If we make the l variable volatile the resulting assembly is different.
# {method} 'run2' '()V' in 'Test2'
# [sp+0x10] (sp of caller)
0xb3ab9340: mov %eax,-0x3000(%esp)
0xb3ab9347: push %ebp
0xb3ab9348: sub $0x8,%esp ;*synchronization entry
; - Test2::run2@-1 (line 32)
0xb3ab934e: mov $0xffffffff,%ecx
0xb3ab9353: mov $0xffffffff,%ebx
0xb3ab9358: mov $0x150,%ebp
0xb3ab935d: movsd 0x6fb7b2f0(%ebp),%xmm0 ; {oop('Test2')}
0xb3ab9365: movd %xmm0,%eax
0xb3ab9369: psrlq $0x20,%xmm0
0xb3ab936e: movd %xmm0,%edx ;*getstatic l
; - Test2::run@0 (line 32)
0xb3ab9372: cmp %ecx,%eax
0xb3ab9374: jne 0xb3ab9378
0xb3ab9376: cmp %ebx,%edx
0xb3ab9378: je 0xb3ab93ac
0xb3ab937a: mov $0xfffffffe,%ecx
0xb3ab937f: mov $0xffffffff,%ebx
0xb3ab9384: movsd 0x6fb7b2f0(%ebp),%xmm0 ; {oop('Test2')}
0xb3ab938c: movd %xmm0,%ebp
0xb3ab9390: psrlq $0x20,%xmm0
0xb3ab9395: movd %xmm0,%edi ;*getstatic l
; - Test2::run@14 (line 36)
0xb3ab9399: cmp %ecx,%ebp
0xb3ab939b: jne 0xb3ab939f
0xb3ab939d: cmp %ebx,%edi
0xb3ab939f: je 0xb3ab93ba ;*return
;... lines removed
In this case both of the getstatic references to the variable l involves a load from memory, i.e. the value can not be kept in a register across multiple volatile reads. To ensure that there is an atomic read the value is read from main memory into an MMX register movsd 0x6fb7b2f0(%ebp),%xmm0
making the read operation a single instruction (from the previous example we saw that 64bit value would normally require two 32bit reads on a 32bit system).
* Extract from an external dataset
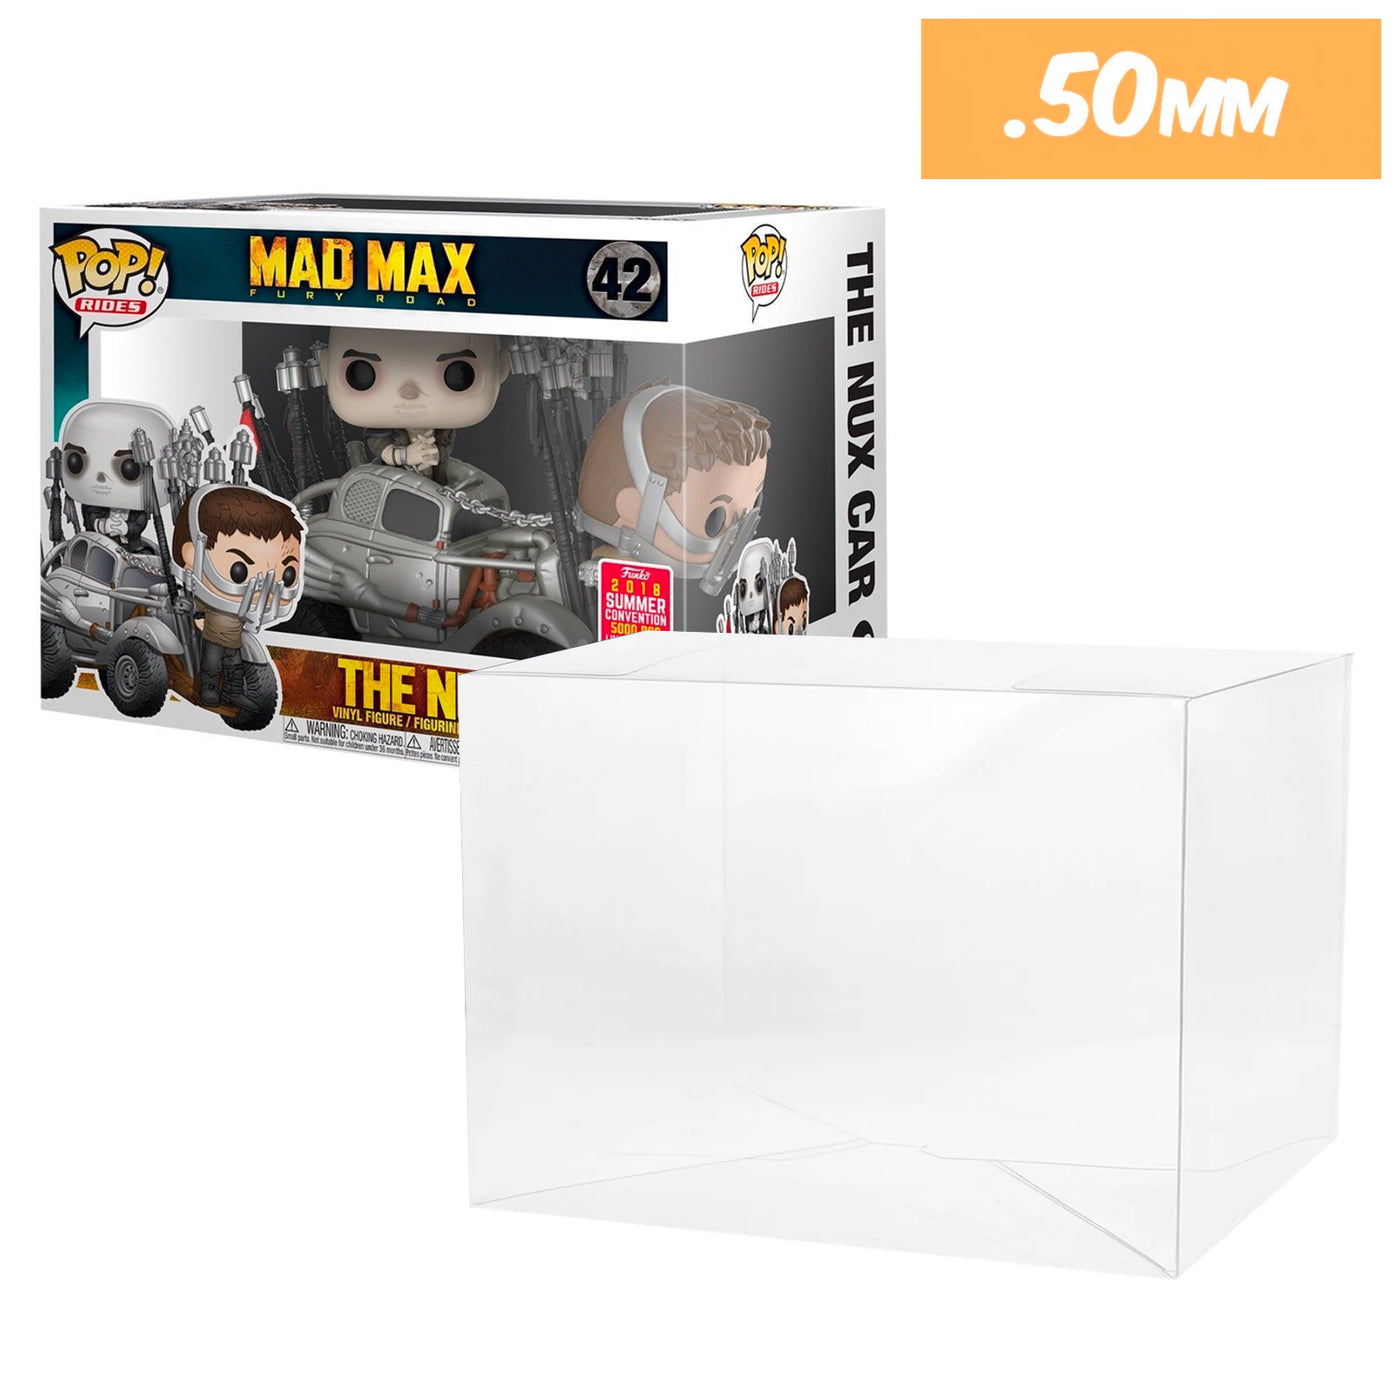 mad max the nux car pop rides best funko pop protectors thick strong uv scratch flat top stack vinyl display geek plastic shield vaulted eco armor fits collect protect display case kollector protector

So the overall cost of a volatile read will roughly equivalent of a memory load and can be as cheap as a L1 cache access. However if another core is writing to the volatile variable, the cache-line will be invalidated requiring a main memory or perhaps an L3 cache access. The actual cost will depend heavily on the CPU architecture. Even between Intel and AMD the cache coherency protocols are different.